No matter what it is that's going on here, exactly, I'm not left with a lot to gripe about. The modest hiss is easily shrugged off. There's a healthy low-frequency growl to all that synth-bass in the score, although strangely, the handful of explosions are limp and anemic by comparison. The dialogue stems show their age a bit, but it's all balanced cleanly and clearly in the mix just the same. I get the sense that every micron of
[click on the thumbnail to enlarge]
clarity than could possibly be unearthed is on display here. There aren't any clicks, pops, or dropouts to get in the way. Nothing that'll curl your toes or anything, obviously, but a very solid effort for this sort of horror flick.

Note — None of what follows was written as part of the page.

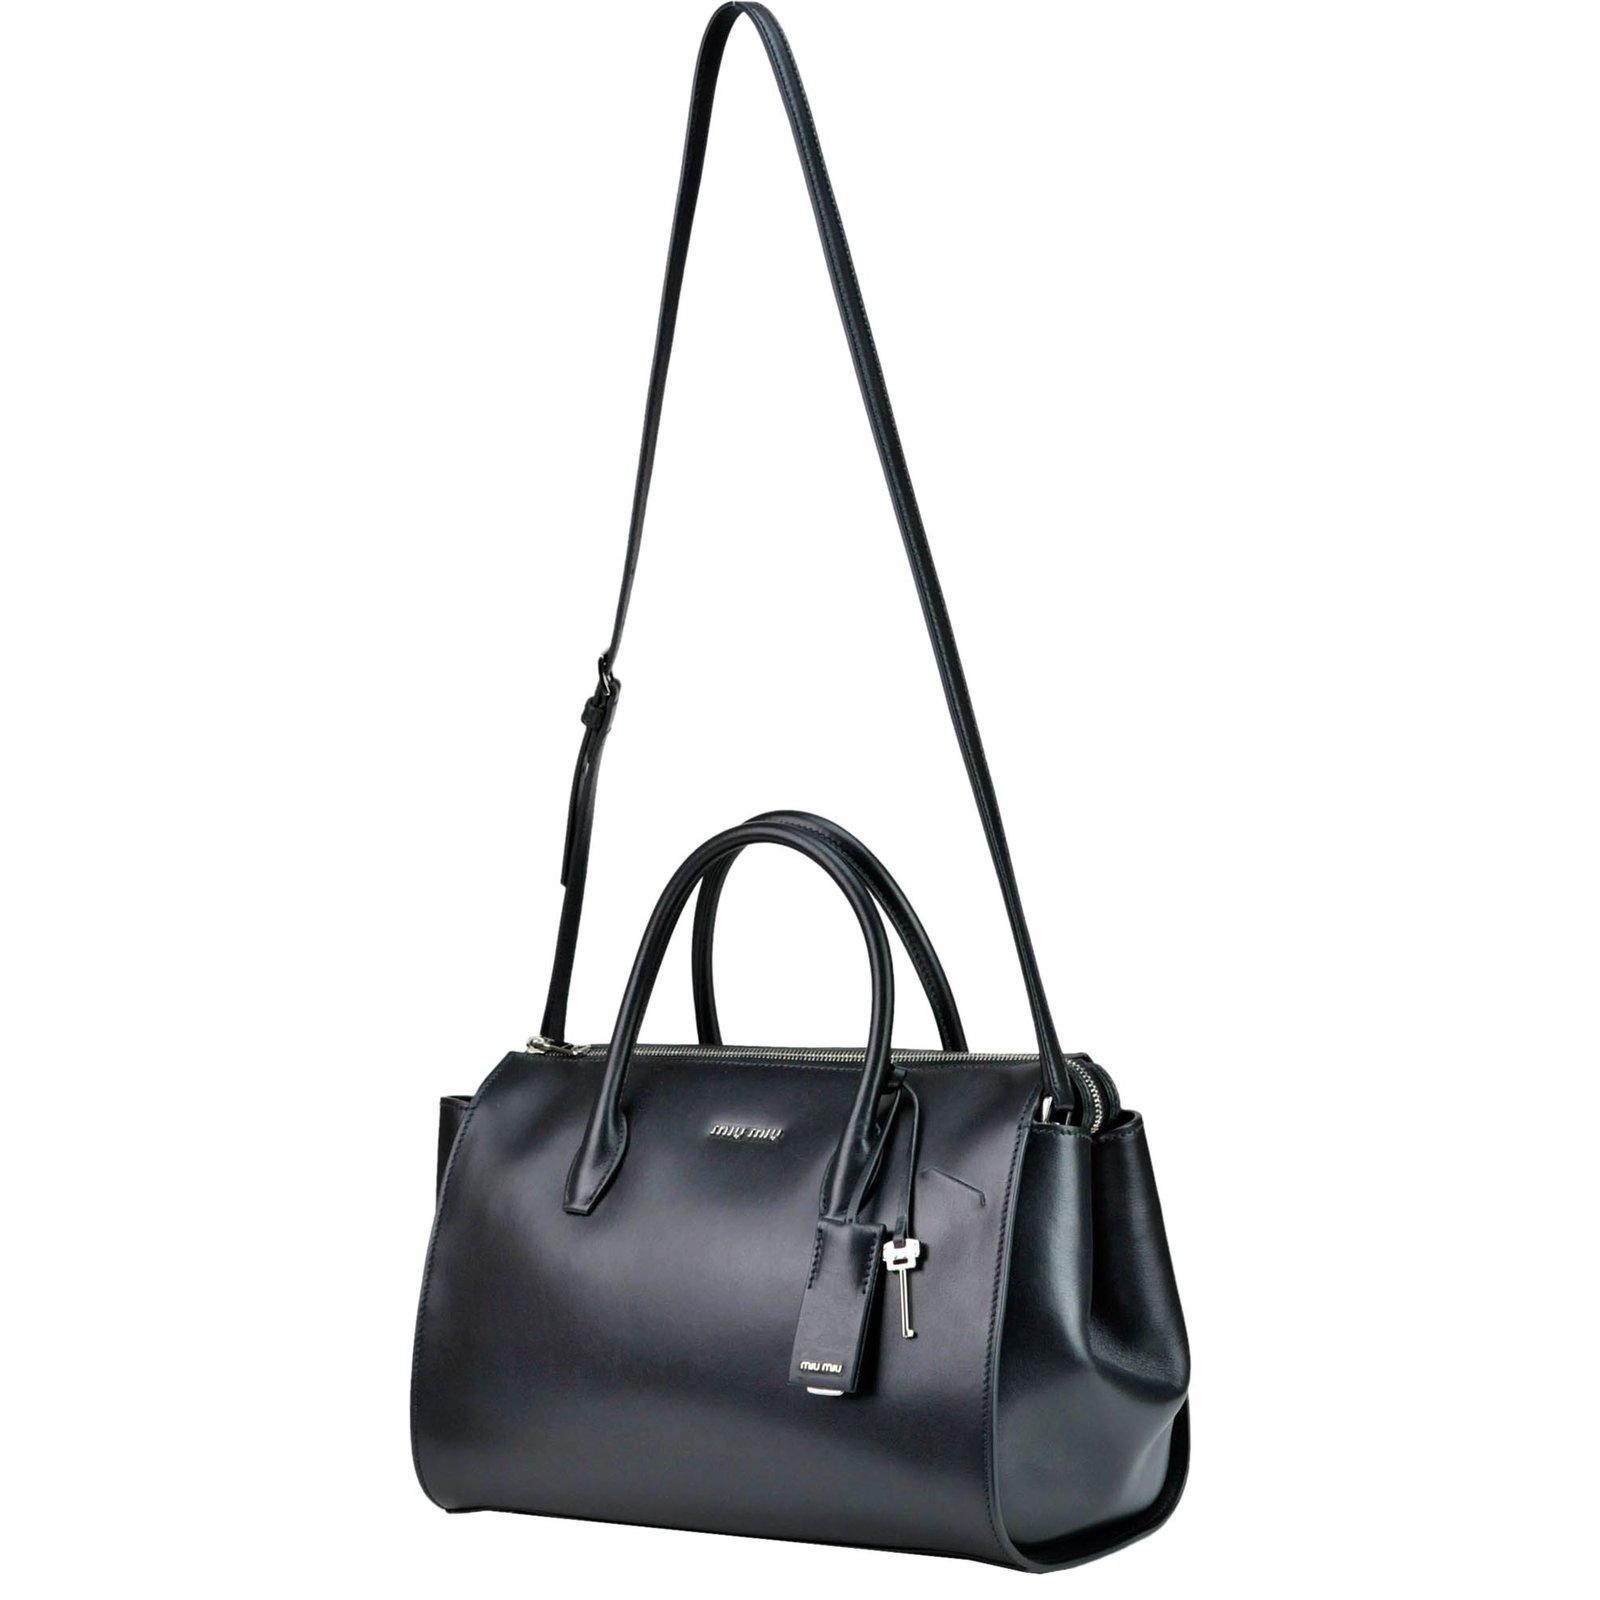 15ec087c1f8c Miu Miu Boston bag miumiu new Handbags Leather Black ref.72916 - Joli Closet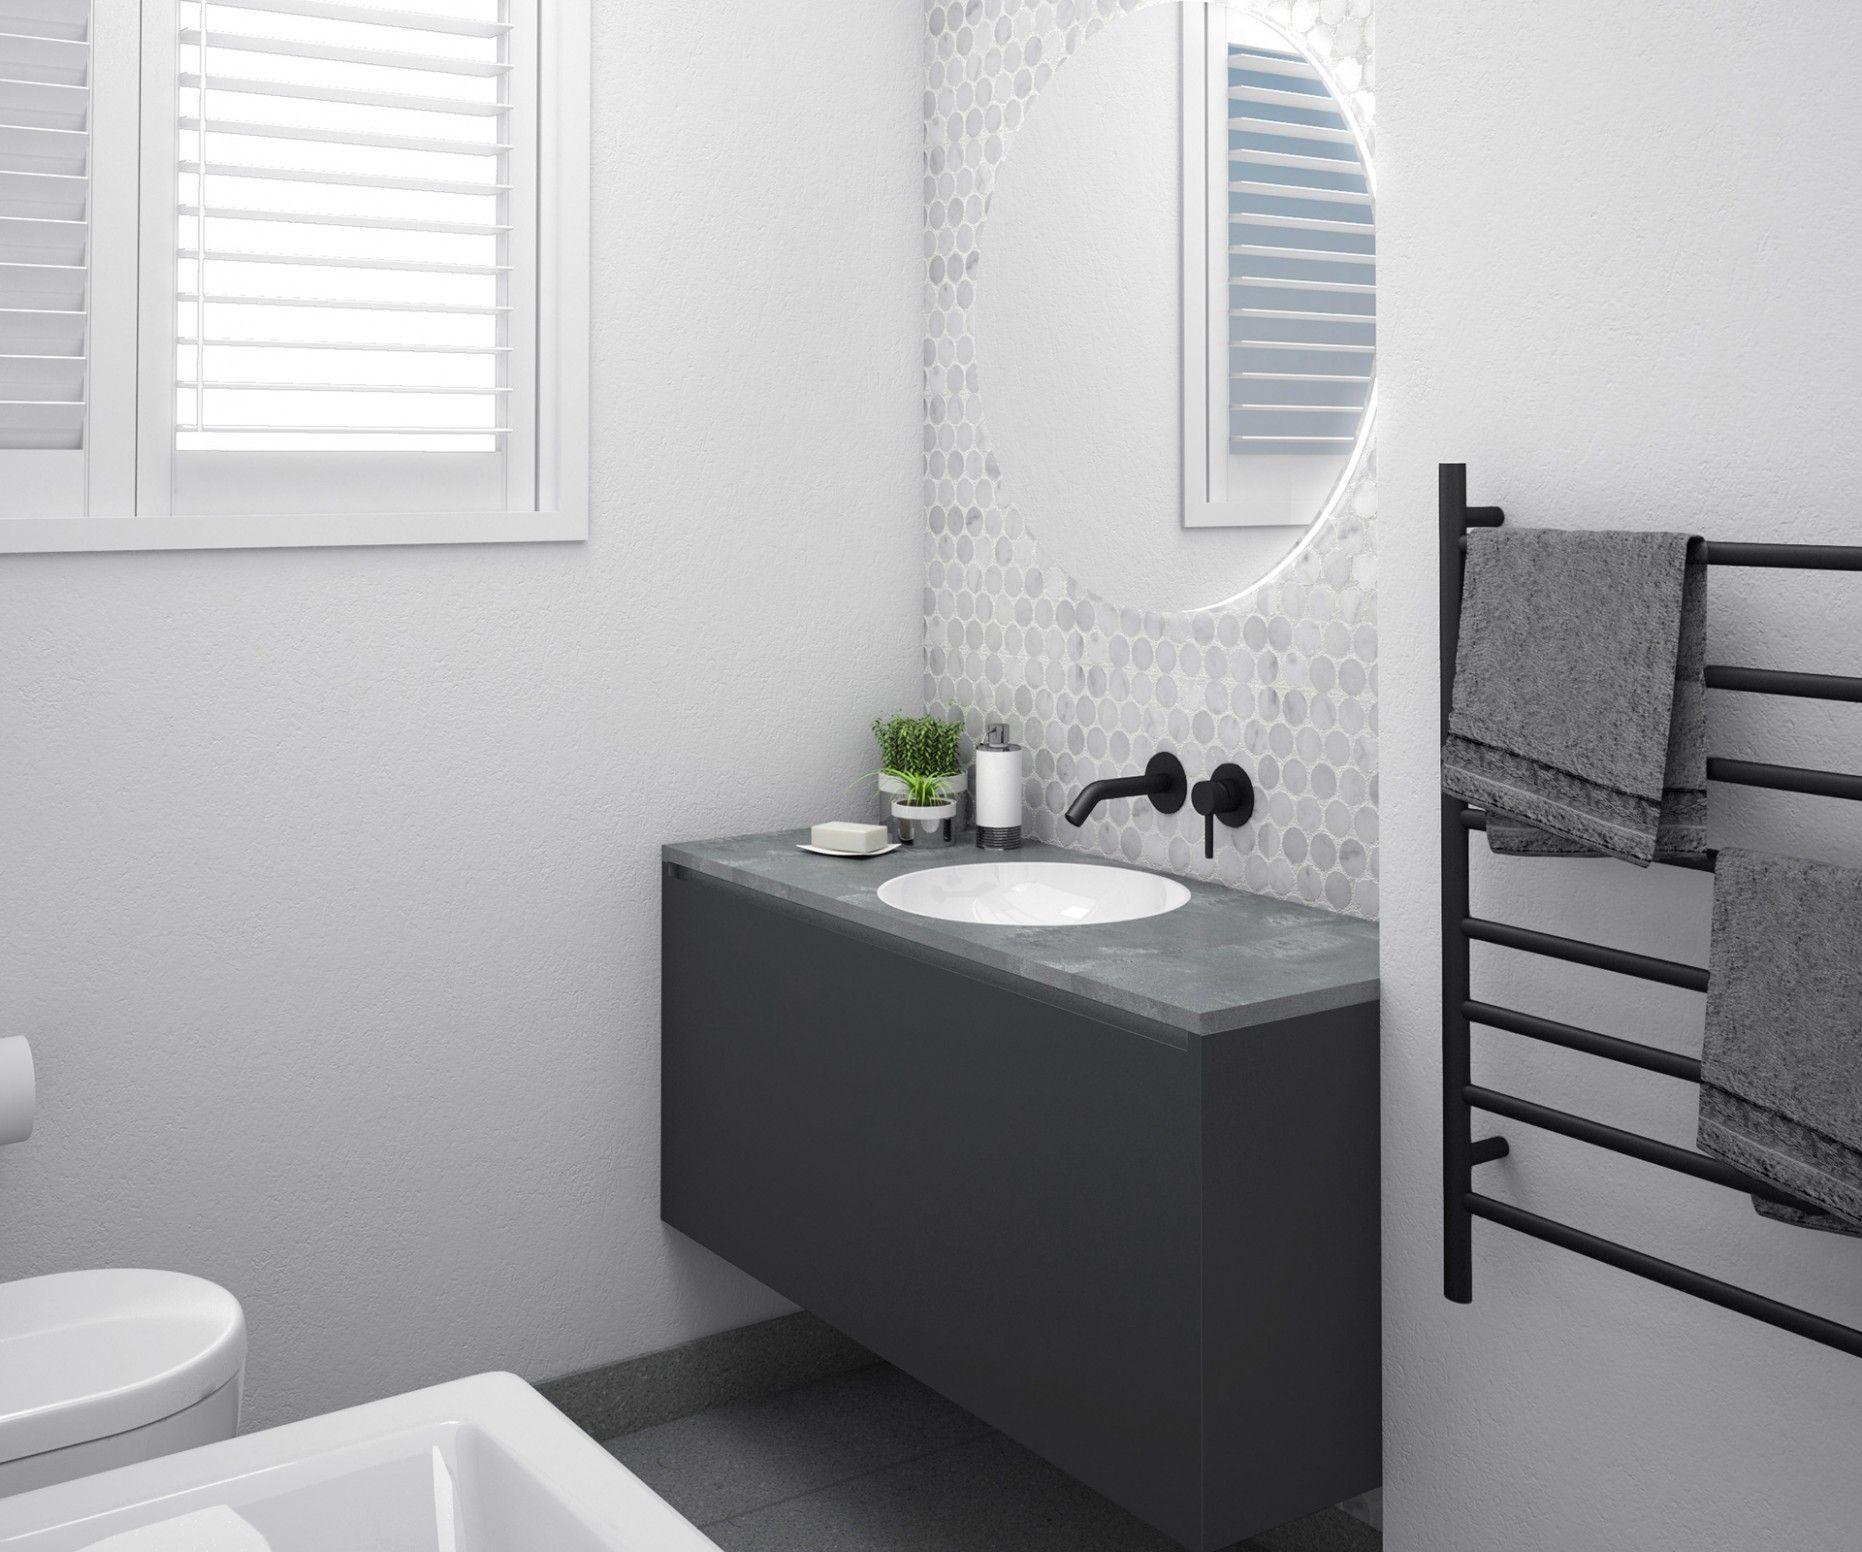 Family Bathroom Ideas Video di 2020

The Nest also features an audio commentary and optional English (SDH) subtitles.


Extras
  • Audio Commentary: It would've been great to have more in the way of extras, but...well, at least the one that's on here is pretty great! Director Terry Winkless (or Terence H. Winkless if you're feeling formal) chimes in with an infectiously fun commentary track. Winkless is one of those instantly charismatic storytellers that I could listen to for hours on end, striking a really terrific balance between Low-Budget Film School and his self-deprecatory sense of humor about making a killer roach flick. Among the many highlights are noting how screenwriter Robert King went on to create the upscale TV series The Good Wife, working under Richard Donner in a gorilla suit on the set of The Banana Splits, and shoehorning in an exploding cabin just because they had the footage handy. From declining to film in a lighthouse where a horn blared every thirty seconds to the specifics of how you collect thousands of cockroaches for a flick like this, Terry Winkless' commentary is an absolutely essential listen.
An anamorphic widescreen DVD is also along for the ride in this combo pack.


The Final Word
Scream Factory is the best thing to happen to Blu-ray since...I don't know, anything, ever. They haven't had a swing-and-a-miss on their release slate yet, and the skin-crawling, splattery fun of The Nest captures pretty much everything I love about late-'80s genre flicks. We're talking about killer mutant cockroaches here, so you pretty much know if you're the target demographic or not when I say that The Nest comes very Highly Recommended.